Recorded information
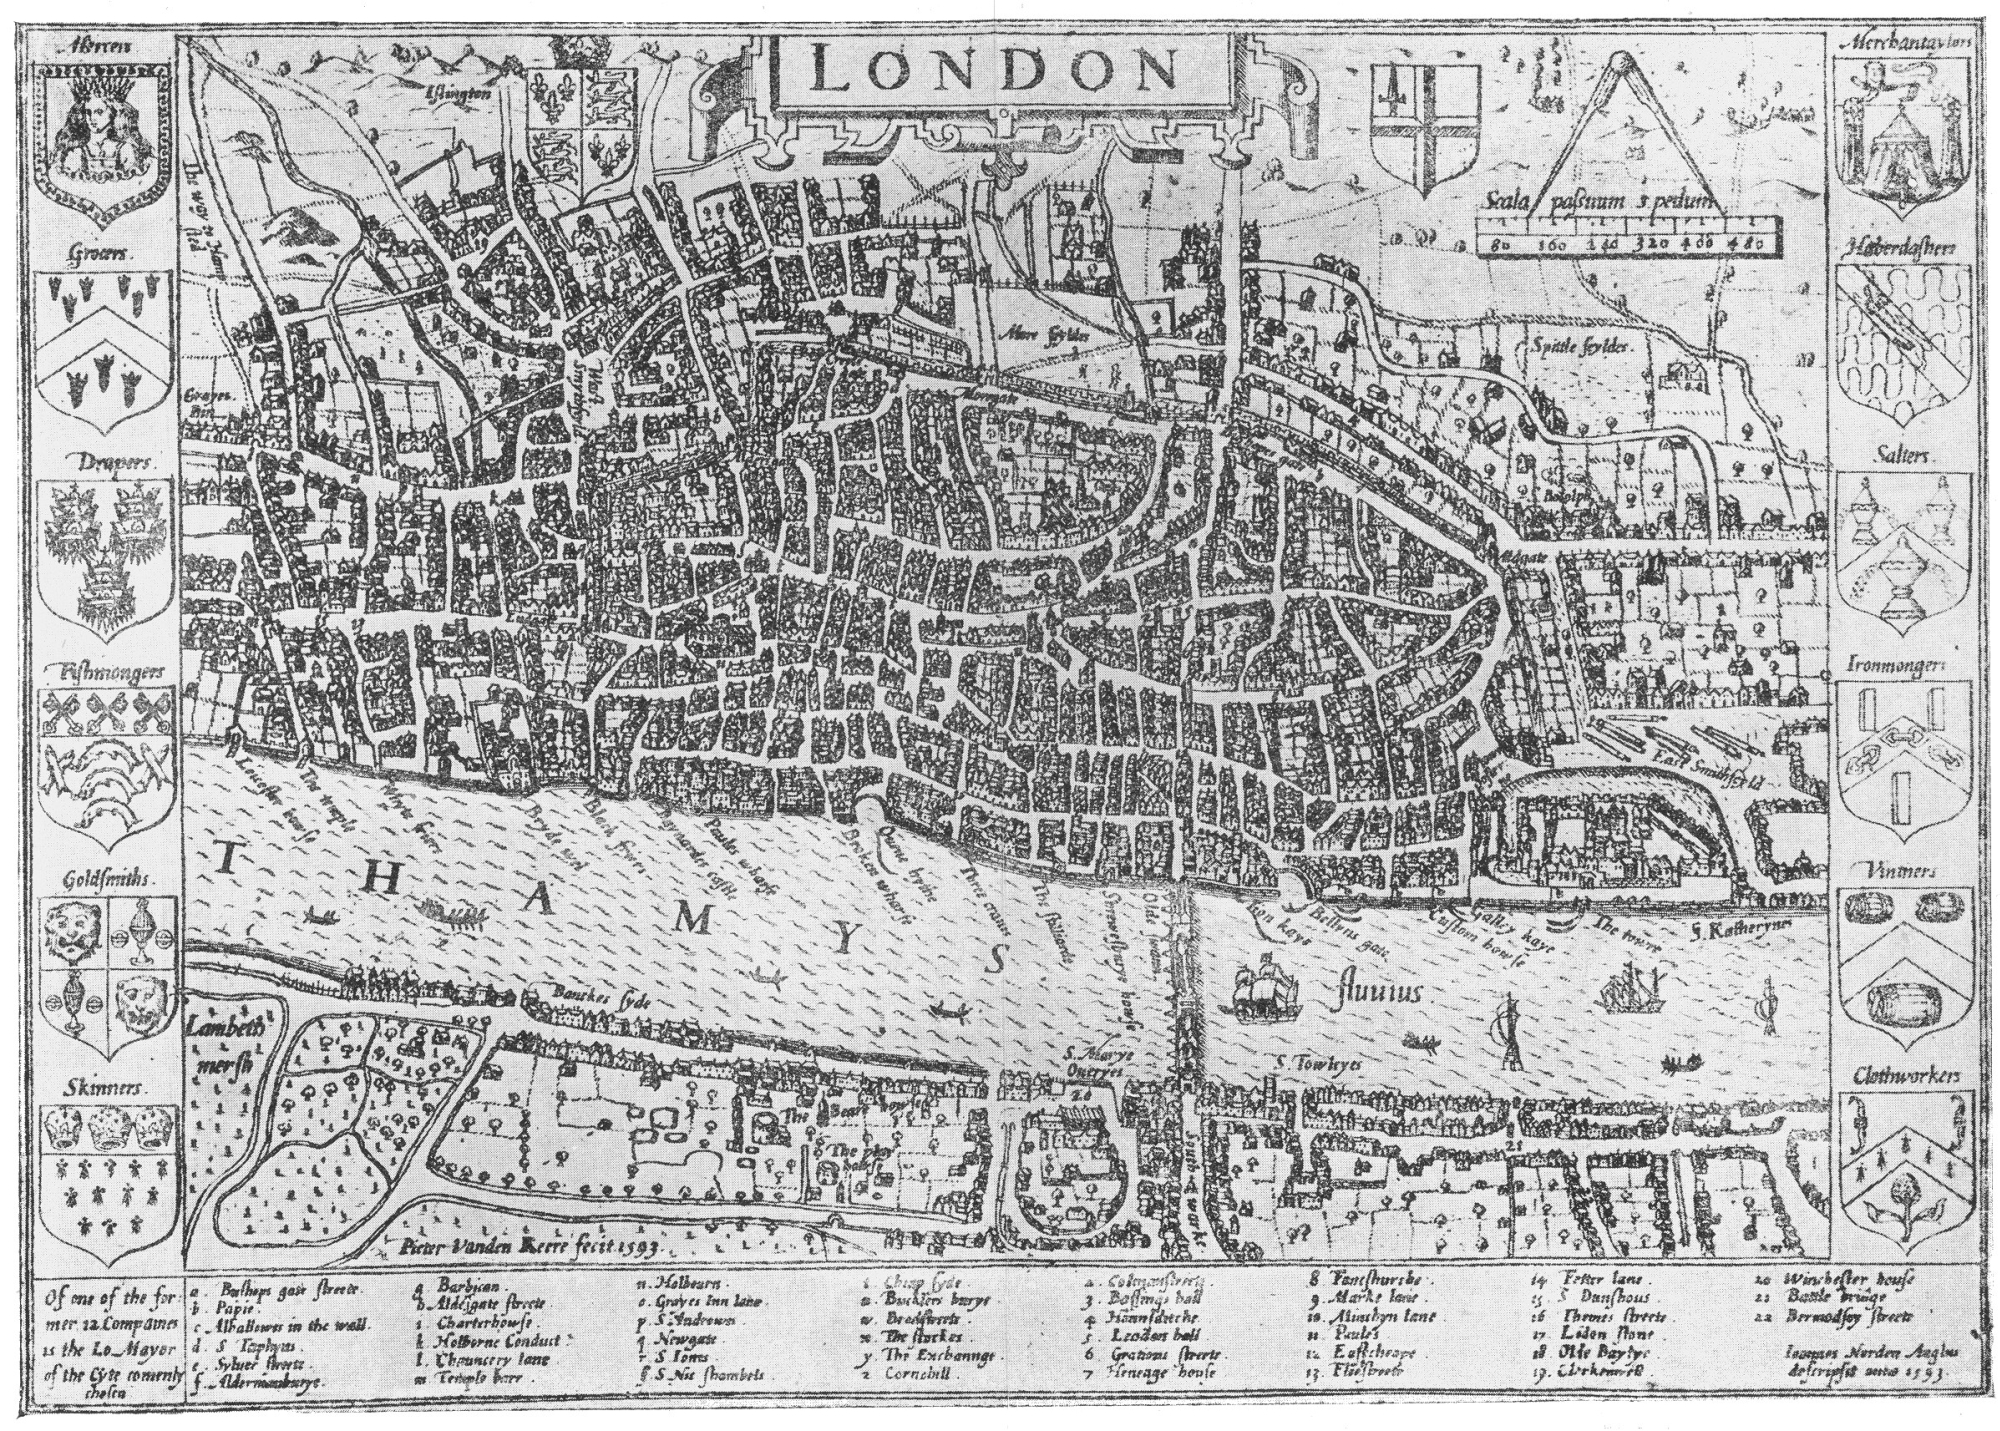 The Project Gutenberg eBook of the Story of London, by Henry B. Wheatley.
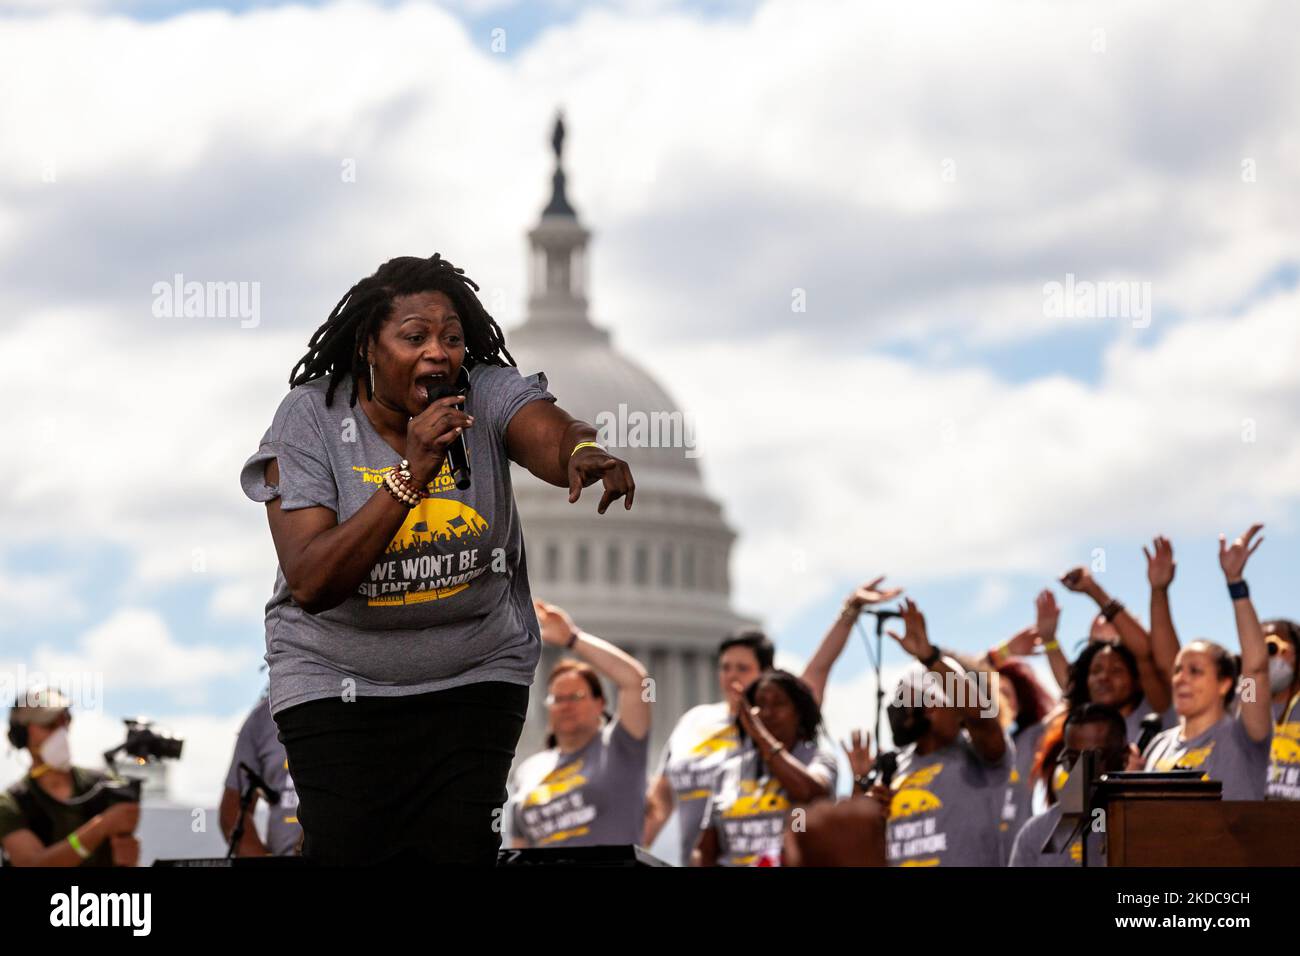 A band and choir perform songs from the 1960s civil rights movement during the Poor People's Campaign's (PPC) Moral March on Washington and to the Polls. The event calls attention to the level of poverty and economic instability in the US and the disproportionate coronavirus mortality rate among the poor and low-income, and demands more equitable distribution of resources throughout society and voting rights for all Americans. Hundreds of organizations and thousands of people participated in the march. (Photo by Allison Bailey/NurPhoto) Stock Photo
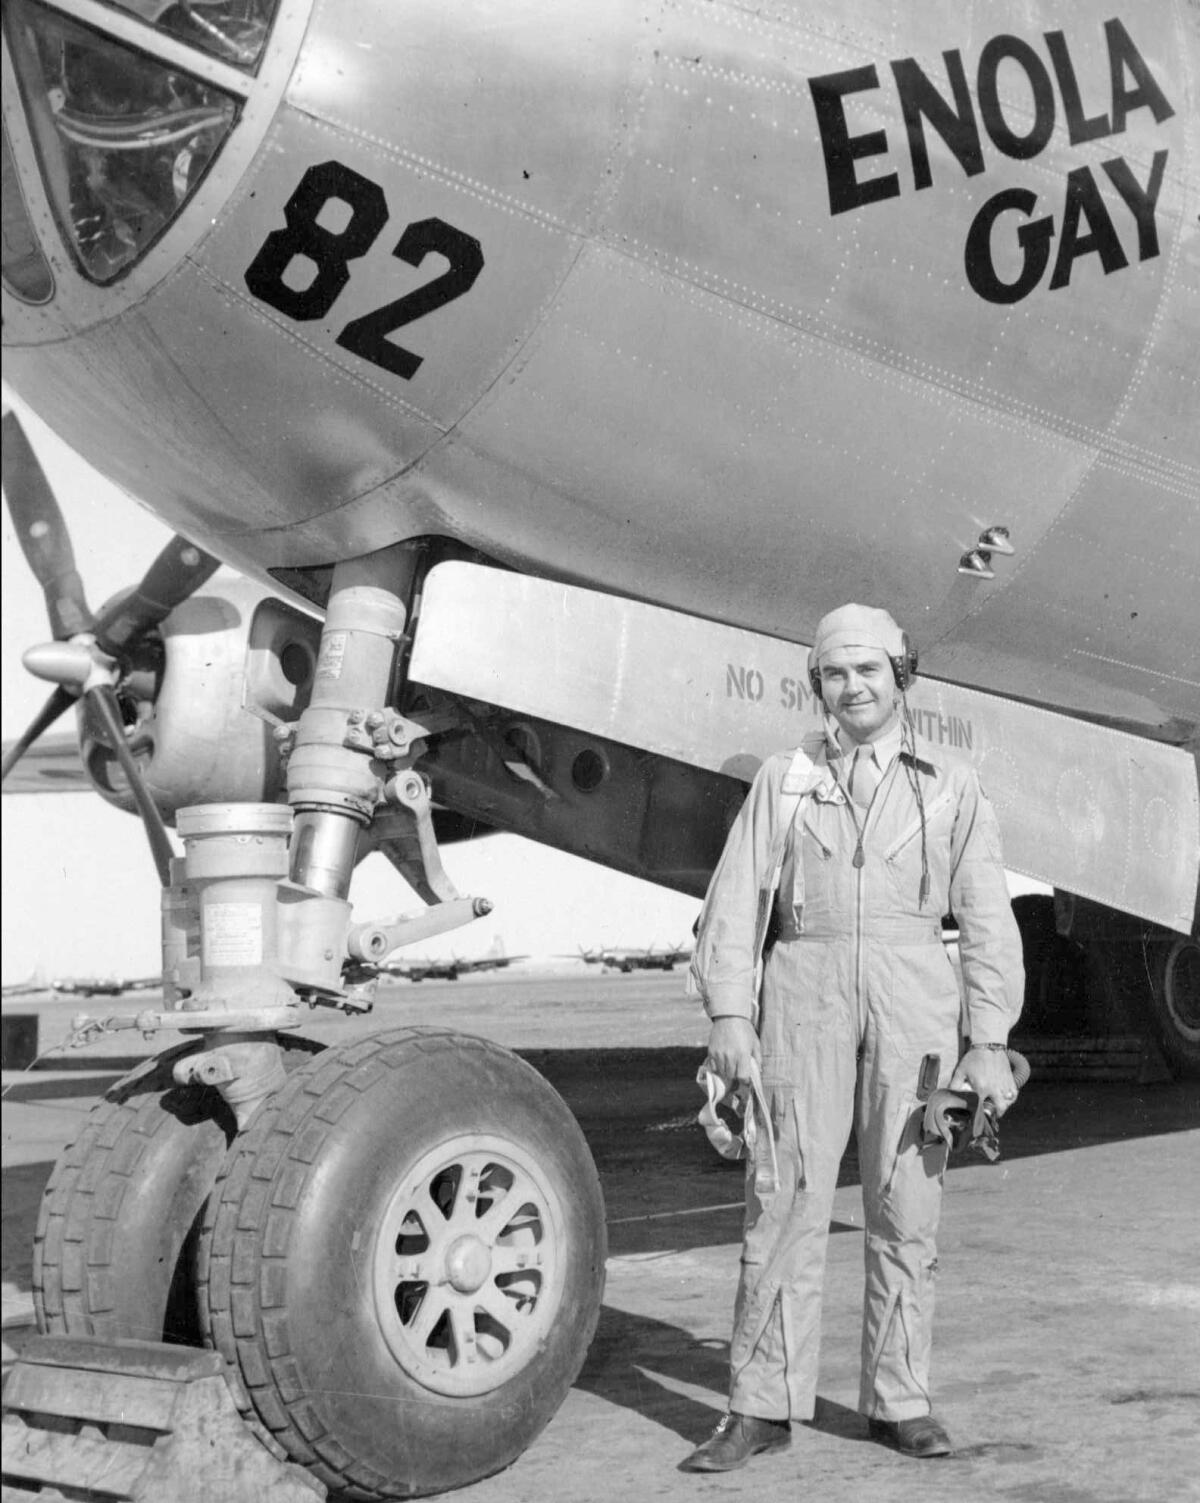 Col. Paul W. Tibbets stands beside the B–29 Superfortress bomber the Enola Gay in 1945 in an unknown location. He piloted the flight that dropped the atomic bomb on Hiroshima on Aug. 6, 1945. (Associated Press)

What you are asked to do
Produce a verbatim copy of the listing, leaving out all pictures.

Response to the task
 The Project Gutenberg eBook of the Story of London, by Henry B. Wheatley.
 A band and choir perform songs from the 1960s civil rights movement during the Poor People's Campaign's (PPC) Moral March on Washington and to the Polls. The event calls attention to the level of poverty and economic instability in the US and the disproportionate coronavirus mortality rate among the poor and low-income, and demands more equitable distribution of resources throughout society and voting rights for all Americans. Hundreds of organizations and thousands of people participated in the march. (Photo by Allison Bailey/NurPhoto) Stock Photo
 Col. Paul W. Tibbets stands beside the B–29 Superfortress bomber the Enola Gay in 1945 in an unknown location. He piloted the flight that dropped the atomic bomb on Hiroshima on Aug. 6, 1945. (Associated Press)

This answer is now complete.